For instance, the auditory spatial cues may be used to estimate the perceived location and size of a virtual source. This spatial information could then be translated into a combination of auditory spatial cues generated at operation 203 and beam pattern data generated at operation 205 that are used to create approximately the same image. Due to the beam patterns, the scheme is more flexible in terms of image locations that can be rendered compared to a conventional loudspeaker system. Hence, by using variable beam patterns, the number of loudspeaker units can be reduced.

To avoid coloration due to variable beam patterns, the beam patterns may be equalized (e.g., using a filter with a non-flat frequency response) during playback at operation 211. The equalization may need to take into account the room acoustics since a large fraction of the acoustic energy can be reflected from room boundaries (e.g., walls) before the sound reaches the listener.
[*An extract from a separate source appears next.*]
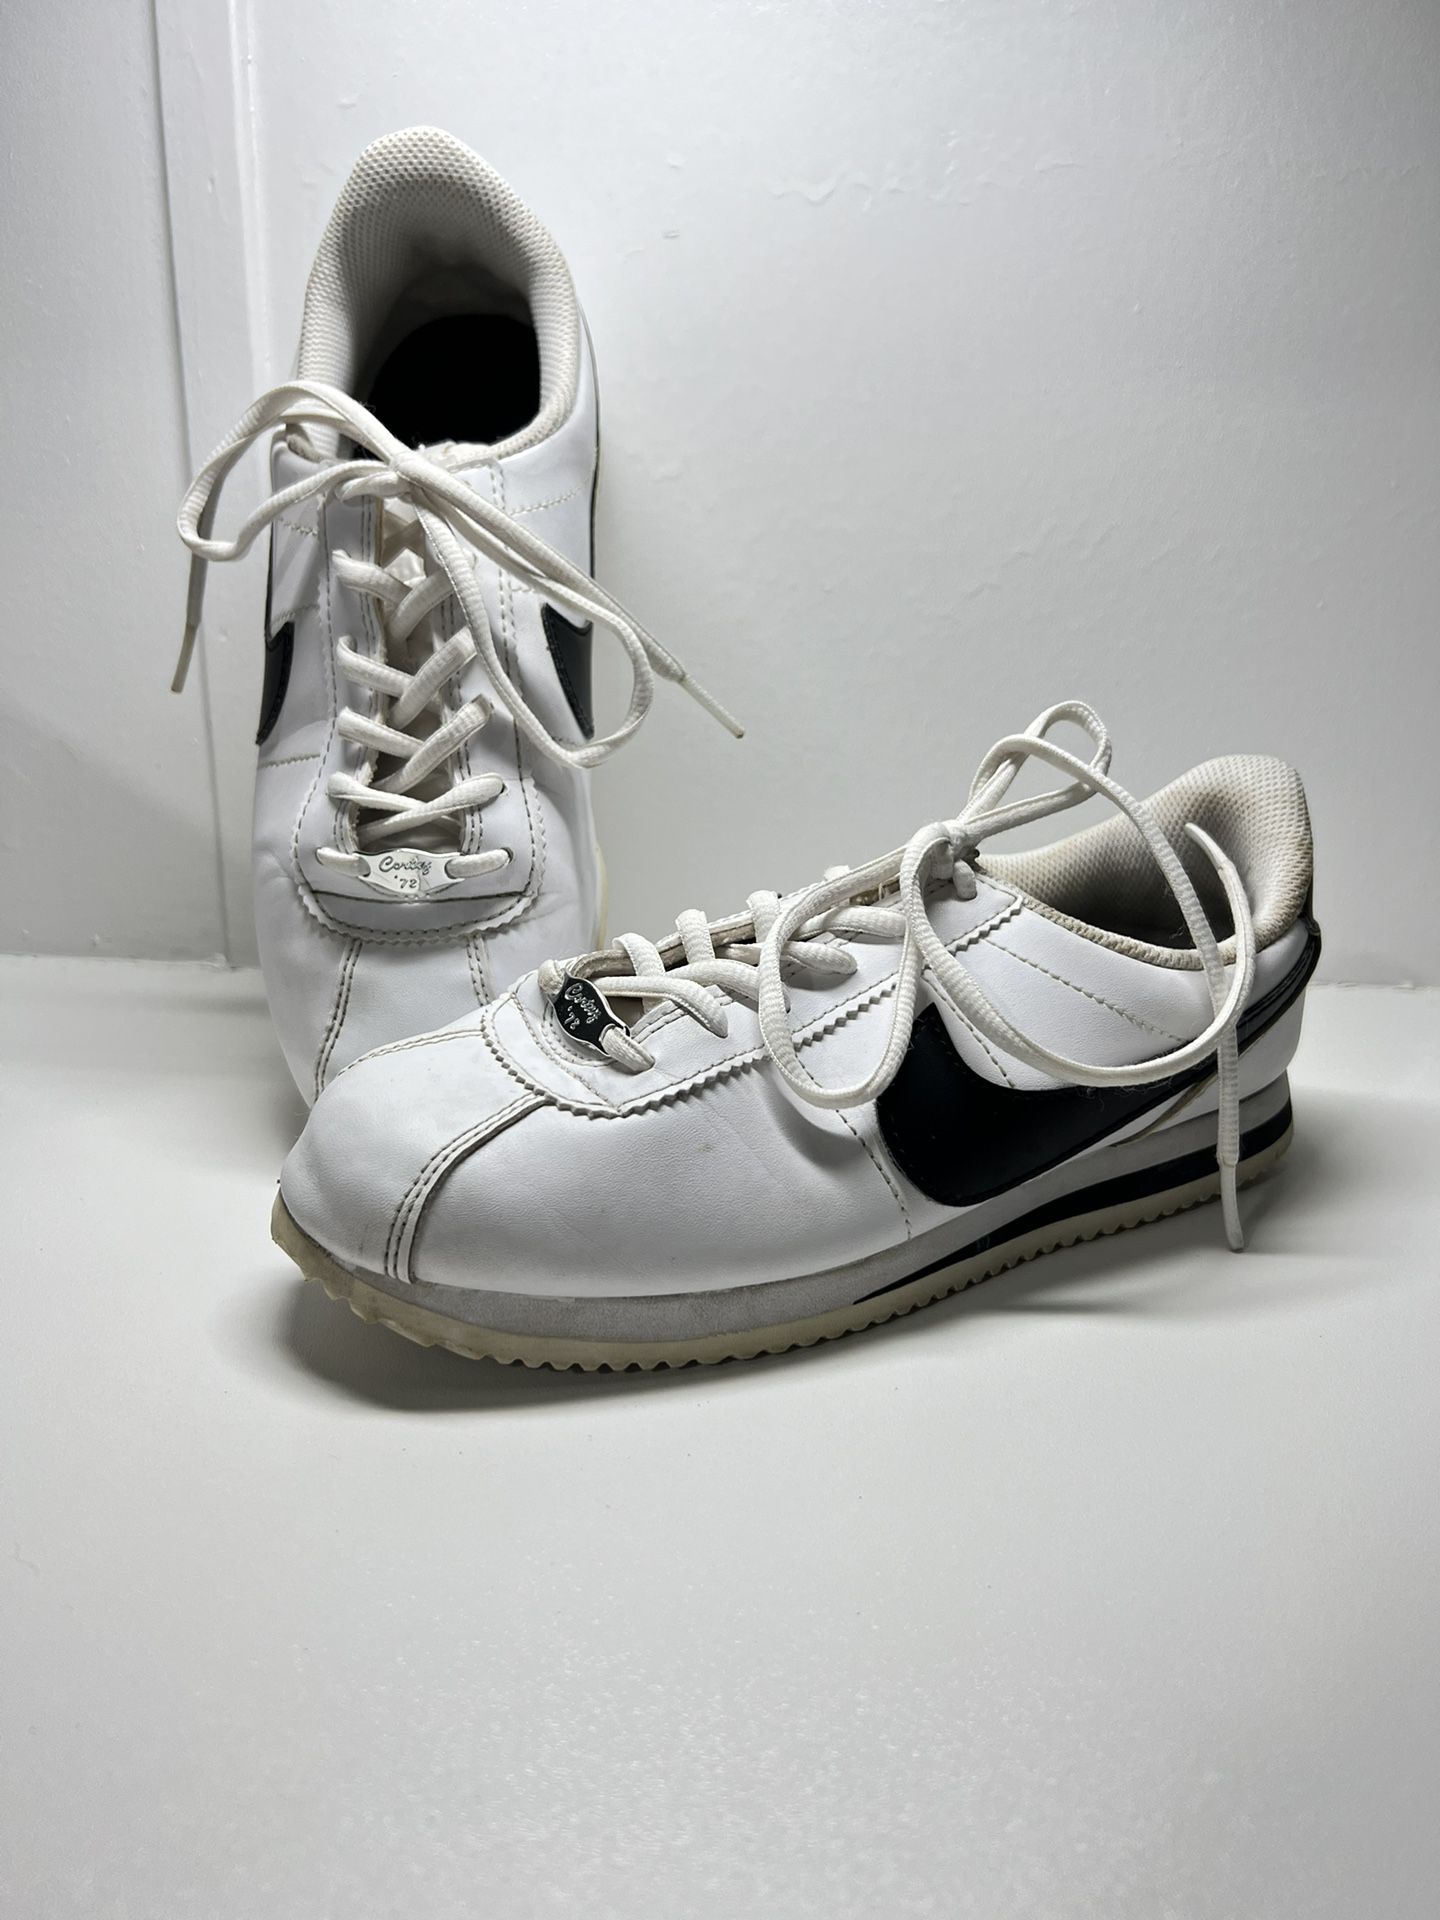 Nike Cortez unixes  Size 5.5  Basic White Black Classic Casual

There may be several ways to focus sound energy into certain directions. The spatial distribution of the sound energy is commonly described by a three dimensional beam pattern that shows the energy level distribution on a sphere centered at a transducer. For example, FIG. 10 shows several two-dimensional beam patterns that may be used.
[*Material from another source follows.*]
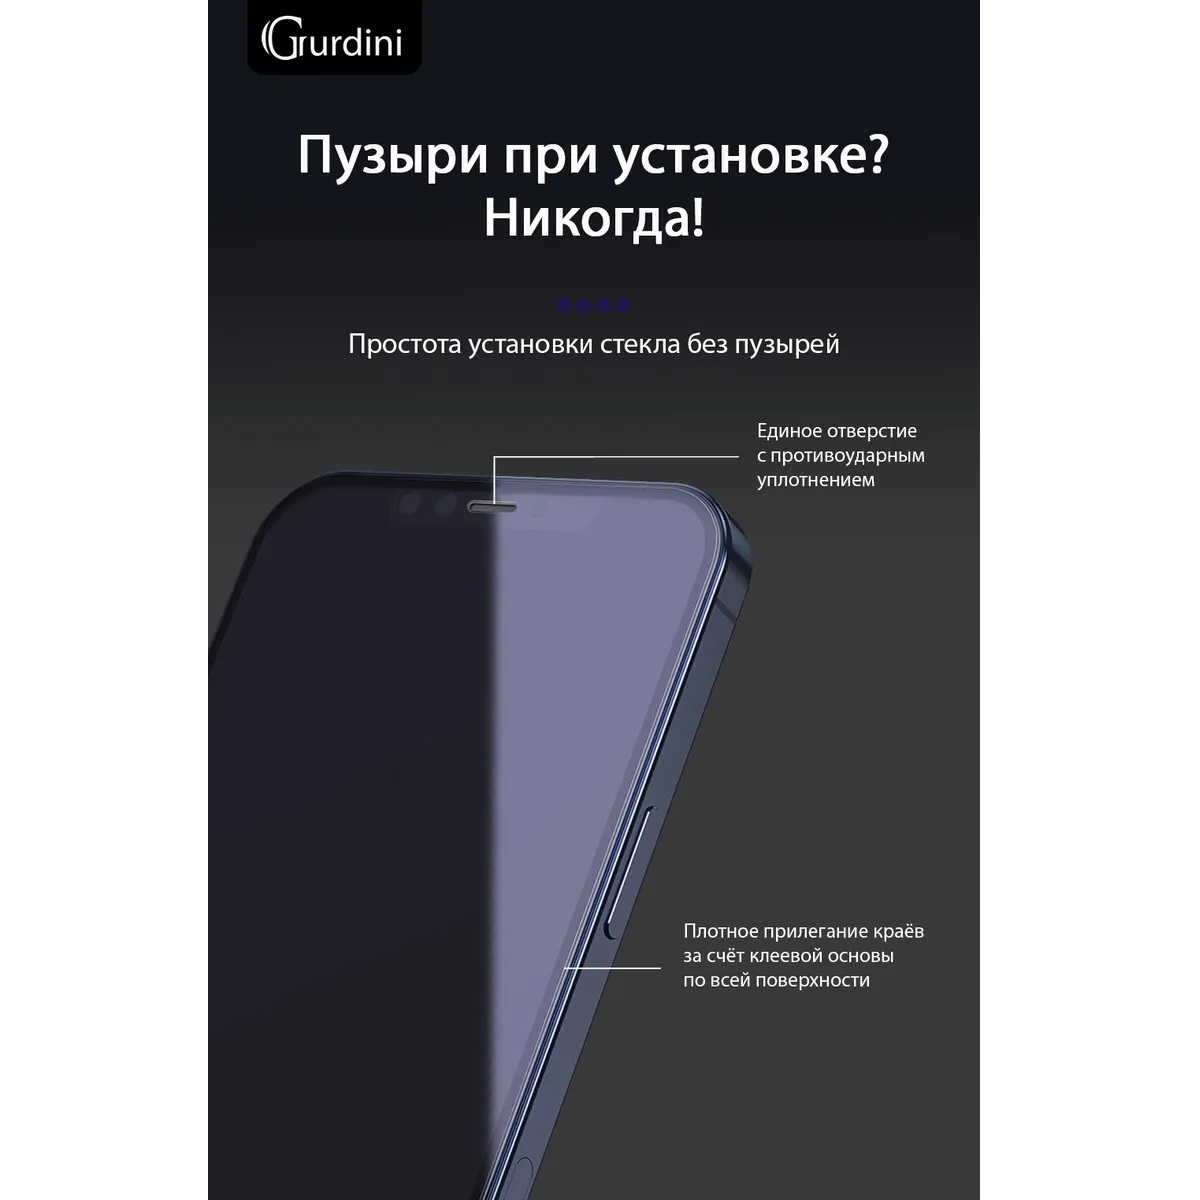 Защитное стекло Gurdini 2.5D Full Cover Glass для iPhone 12 mini

FIG. 11 shows an overhead, cutaway view of a loudspeaker array 503 according to one embodiment. As shown in FIG. 11, the transducers 1101 in the loudspeaker array 503 encircle the cabinet 1103 such that transducers 1101 cover the curved face of the cabinet 1103. The transducers 1101 may be any combination of full-range drivers, mid-range drivers, subwoofers, woofers, and tweeters. Each of the transducers 1101 may use a lightweight diaphragm, or cone, connected to a rigid basket, or frame, via a flexible suspension that constrains a coil of wire (e.g., a voice coil) to move axially through a cylindrical magnetic gap. When an electrical audio signal is applied to the voice coil, a magnetic field is created by the electric current in the voice coil, making it a variable electromagnet. The coil and the transducers' 1101 magnetic system interact, generating a mechanical force that causes the coil (and thus, the attached cone) to move back and forth, thereby reproducing sound under the control of the applied electrical audio signal coming from an audio source. Although electromagnetic dynamic loudspeaker drivers are described for use as the transducers 1101, those skilled in the art will recognize that other types of loudspeaker drivers, such as piezoelectric, planar electromagnetic and electrostatic drivers are possible.

Each transducer 1101 may be individually and separately driven to produce sound in response to separate and discrete audio signals received from an audio source (e.g., an audio playback system). By allowing the transducers 1101 in the loudspeaker array 503 to be individually and separately driven according to different parameters and settings (including delays and energy levels), the loudspeaker array 503 may produce numerous directivity/beam patterns that accurately represent each channel or audio object of a piece of sound program content output. For example, in one embodiment, the loudspeaker array 503 may produce one or more of the directivity patterns shown in FIG. 10.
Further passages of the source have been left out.